VILNIUS (Reuters) – Lithuania will donate 235,900 additional doses of AstraZeneca COVID-19 vaccine to Taiwan, the European Union nation said on Wednesday, after angering China by allowing Taiwan to open a representative office under its own name.
China considers Taiwan its own territory.
Lithuania, which also donated 20,000 vaccines to Taiwan in June, will give Taiwan jabs purchased under an EU contract signed on behalf of member states with the producer.
“AstraZeneca vaccines are not popular in our country, so we are able to donate them,” Lithuanian Health Minister Arunas Dulkys said during a televised government meeting.
The vaccines will be donated by mid-October, following a Sept. 16 request made by Taiwan’s mission in neighbouring Latvia, Lithuania’s Health Ministry said.

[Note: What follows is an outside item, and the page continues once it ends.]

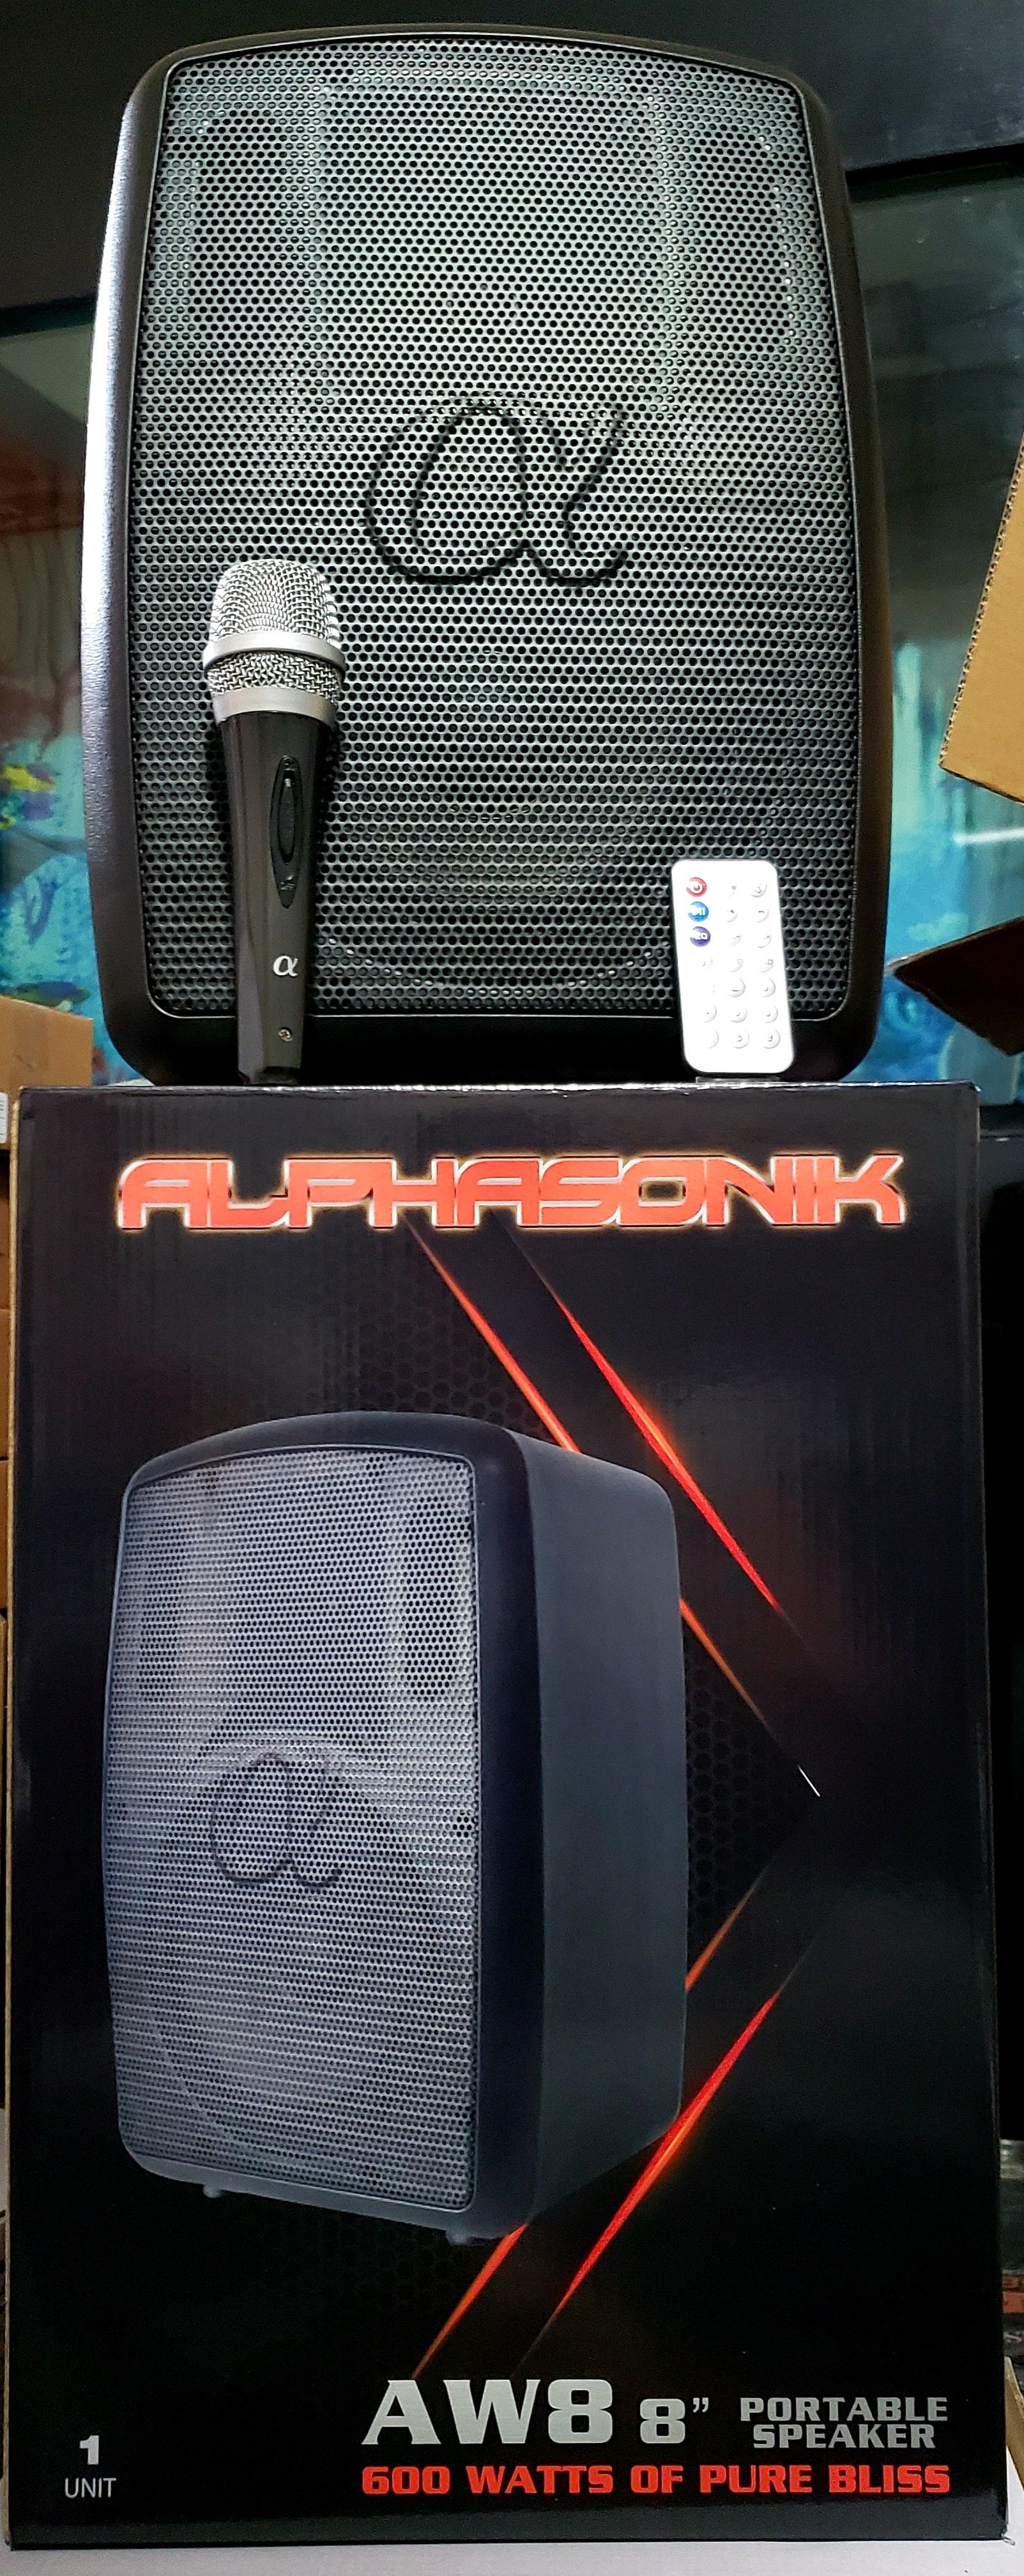 Alphasonik bluetooth portable loud speaker brand new with remote and microphone 🎤 👌

“On behalf of the government and people of Taiwan, I sincerely thank Lithuania for the heartfelt friendship and good will during our times of difficulties and challenges,” the head of the mission in Latvia, Eric Huang, said.
China demanded last month that Lithuania withdraw its ambassador in Beijing and said it would recall its envoy to Vilnius after Taiwan said its mission in Lithuania would be called the Taiwanese Representative Office.
Taiwanese missions in Europe and the United States usually use the name of the city of Taipei, avoiding reference to the island itself.
Lithuania’s government said in June it would donate 100,000 vaccine doses to Ukraine, 15,000 to Georgia and 11,000 to Moldova.
Japan pledged last week to give 500,000 additional vaccines to Taiwan, bringing Japan’s total donation to the island to 3.9 million.